O ouro em um portfólio serve também (e principalmente) como um seguro contra catástrofes financeiras.

Vivemos hoje sob um sistema financeiro que balança há alguns anos à beira do colapso. Enormes bolhas e maus investimentos gerados por décadas de políticas monetárias frouxas e equivocadas colocam, talvez pela primeira vez na história humana, todo o sistema financeiro internacional em risco.

Desde o estouro da bolha da Nasdaq, no ano 2000, o sistema financeiro vem se equilibrando em uma corda bamba, e uma profunda depressão econômica que colocaria a da década de 30 no chinelo vem sendo “evitada” às custas de novas rodadas de aumento da base monetária e de crédito fácil, justamente os mesmos fatores responsáveis por terem gerado a crise em primeira instância.

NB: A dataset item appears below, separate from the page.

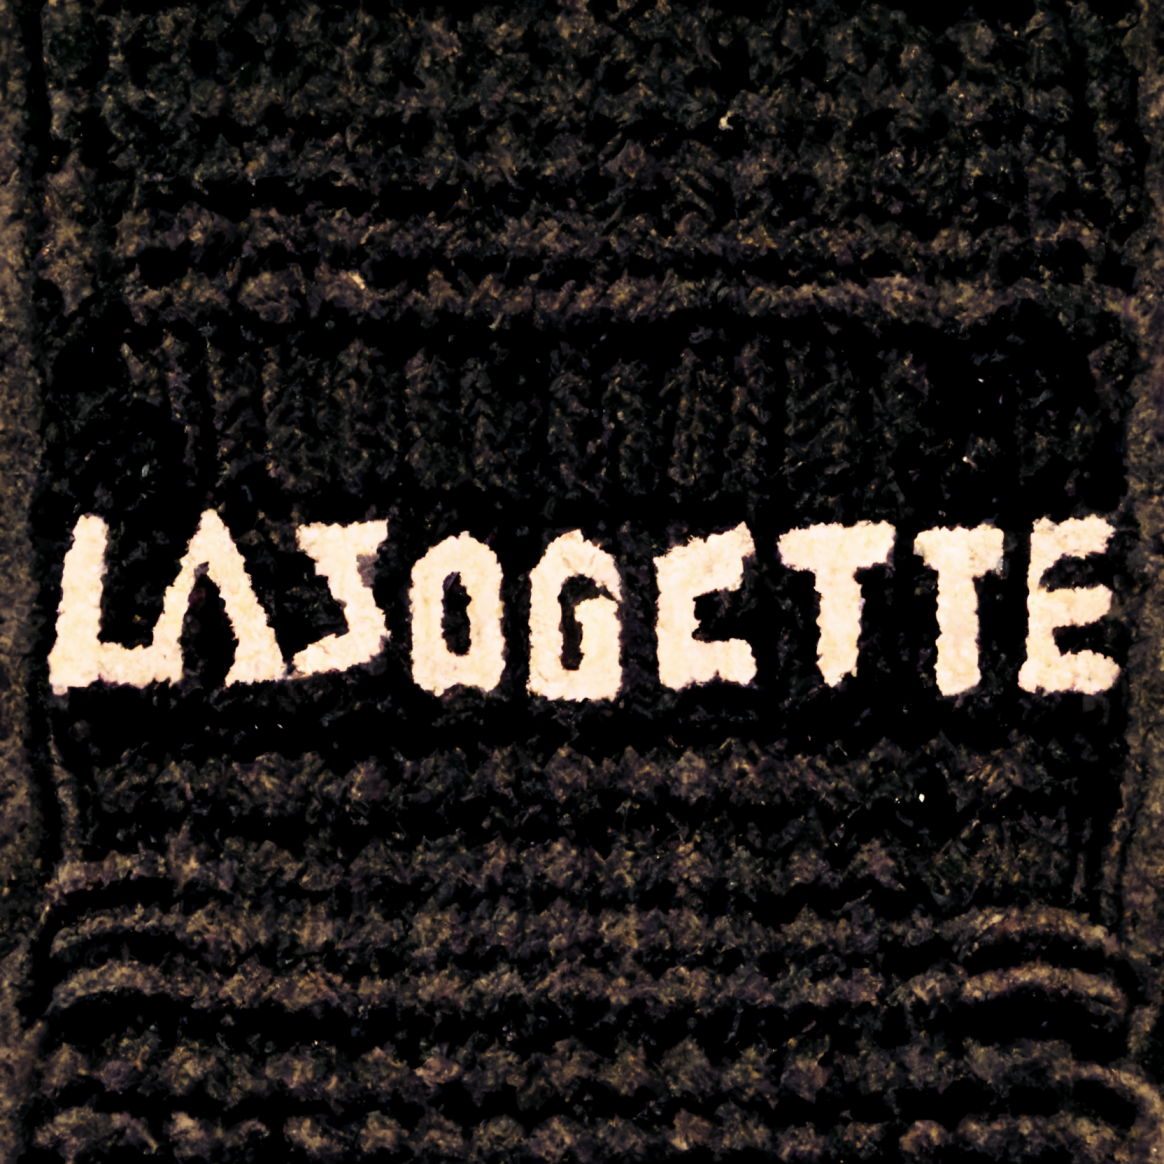 Lasogette NFT

Nos Estados Unidos, o estouro da bolha da Nasdaq foi combatido com a criação de uma bolha imobiliária e de crédito, que por sua vez, estourou em 2008, levando à lona grandes bancos e colocando todo o sistema à beira do colapso. A resposta das autoridades foi a mesma: Acelerar a impressão e a distribuição de dinheiro e de crédito farto e barato.

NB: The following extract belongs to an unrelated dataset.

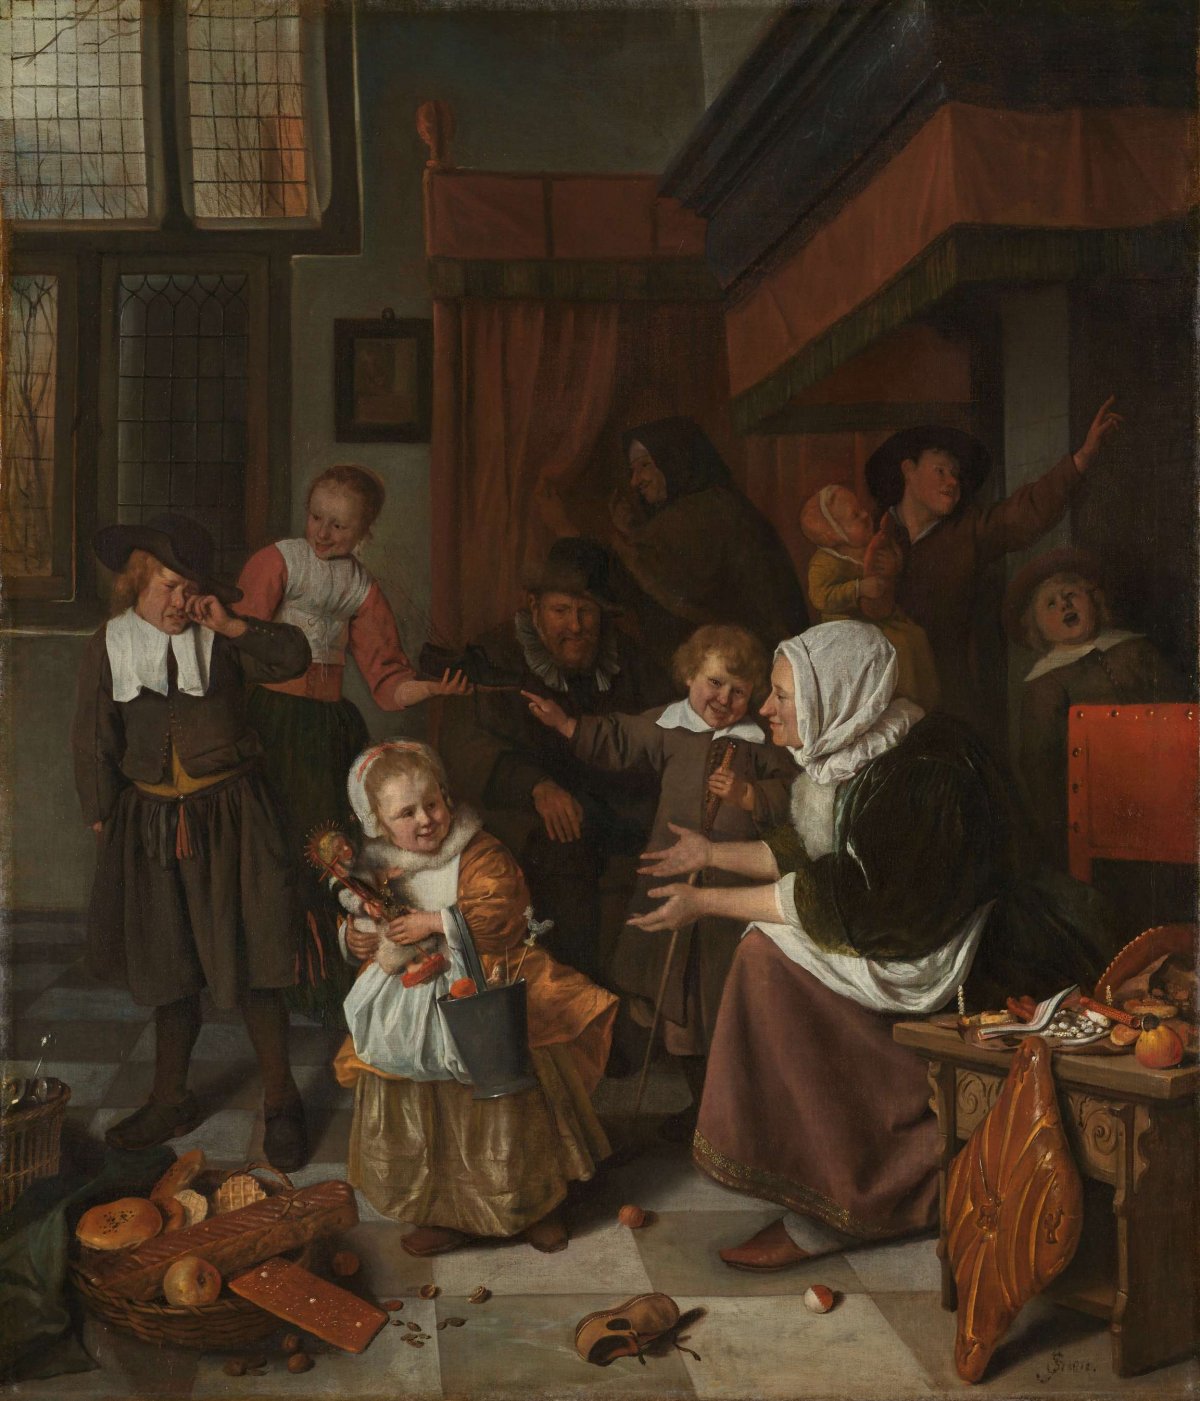 The Feast of St Nicholas, Jan Havicksz. Steen, 1665 - 1668

Com isso, neste exato momento, novas bolhas estão sendo infladas em outros mercados, todas alimentadas com a abundante oferta de dinheiro novo, ainda que isso se assemelhe a tentativa de apagar um incêndio jogando gasolina sobre as chamas. Segundo reza a lenda, Einstein teria dito que a melhor definição de insanidade é “…continuar fazendo as coisas do mesmo jeito, esperando atingir resultados diferentes”. Parece que os responsáveis pela política monetária ou desconhecem essa definição, ou são mesmo insanos.

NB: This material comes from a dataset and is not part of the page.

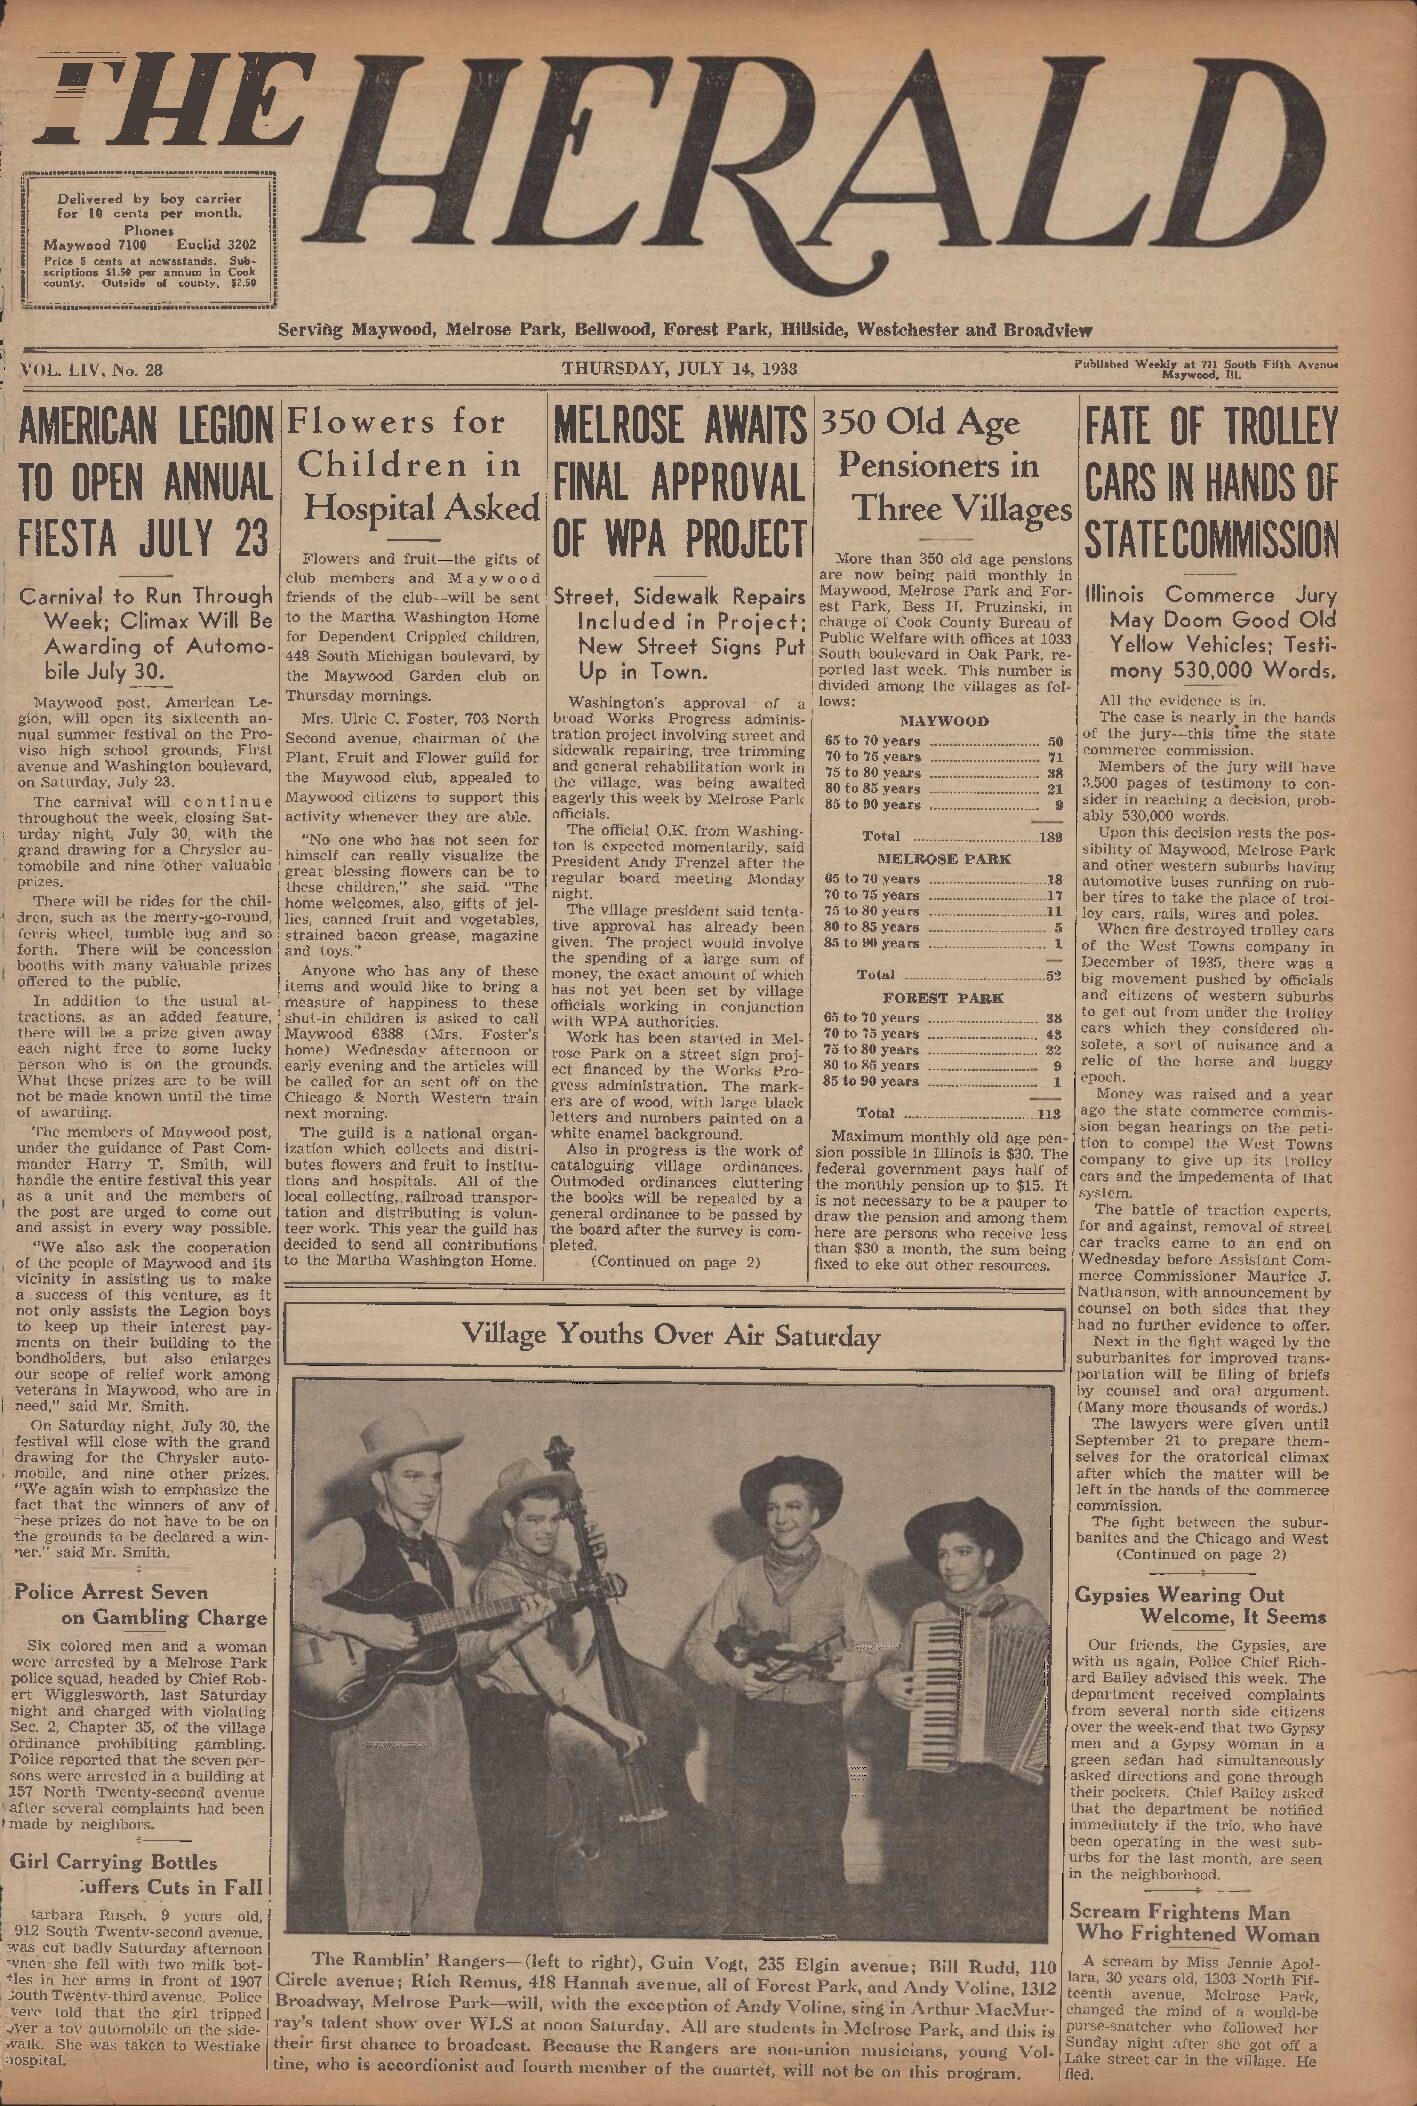 The Herald – 19380714

A expansão dos emergentes “BRICS”, e de outros países que ainda não atingiram um grau de produtividade compatível com o dos países desenvolvidos, vem sendo, em grande parte, financiada com esse dinheiro novo criado pelos bancos centrais, e com a ajuda de outros incentivos ao consumo, no maior episódio de intervenção estatal da história.

Por conta disso, os mercados ganharam intensa volatilidade em comparação com o passado, e temos presenciado valorizações quase absurdas em alguns segmentos, como nas commodities há alguns anos, e mais recentemente, no mercado imobiliário brasileiro, apenas para citar dois exemplos.

Se esses movimentos são sustentáveis ou não, é conversa para outro artigo. O fato é que no meio de tanta intervenção, fica complicado mensurar o valor real dos ativos, e alguém que aposte, por exemplo, que os imóveis no Brasil continuarão subindo para sempre, pode se surpreender tanto quanto os americanos se surpreenderam em 2007/2008.

No entanto, ao longo de todo esse percurso, o ouro tem sido o ativo que se manteve em firme tendência de alta, sem sofrer nenhum crash brutal, apesar de, em alguns momentos, se comportar também com alta volatilidade. E isso tem ocorrido por uma razão muito simples.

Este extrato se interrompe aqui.